→ **Task to complete**
An exact copy of the listing is required, with its pictures removed.

→ **Data provided**
BEGIN

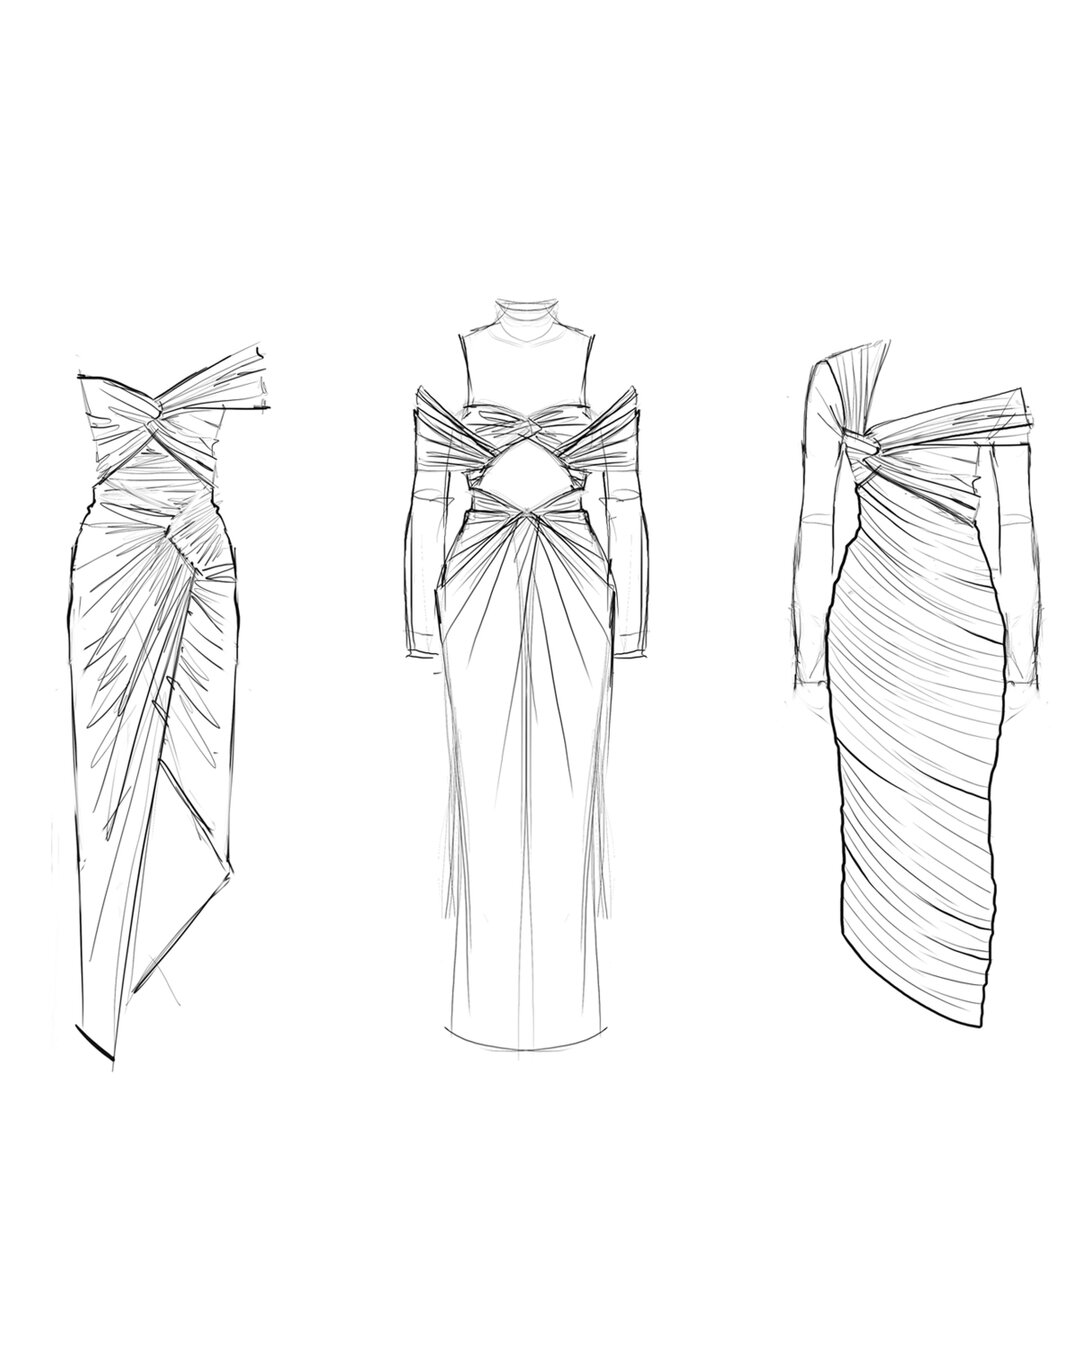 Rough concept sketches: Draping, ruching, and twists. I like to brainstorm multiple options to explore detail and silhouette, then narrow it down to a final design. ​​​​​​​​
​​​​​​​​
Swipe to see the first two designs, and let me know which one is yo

END

→ **Response box**
 Rough concept sketches: Draping, ruching, and twists. I like to brainstorm multiple options to explore detail and silhouette, then narrow it down to a final design. ​​​​​​​​
​​​​​​​​
Swipe to see the first two designs, and let me know which one is yo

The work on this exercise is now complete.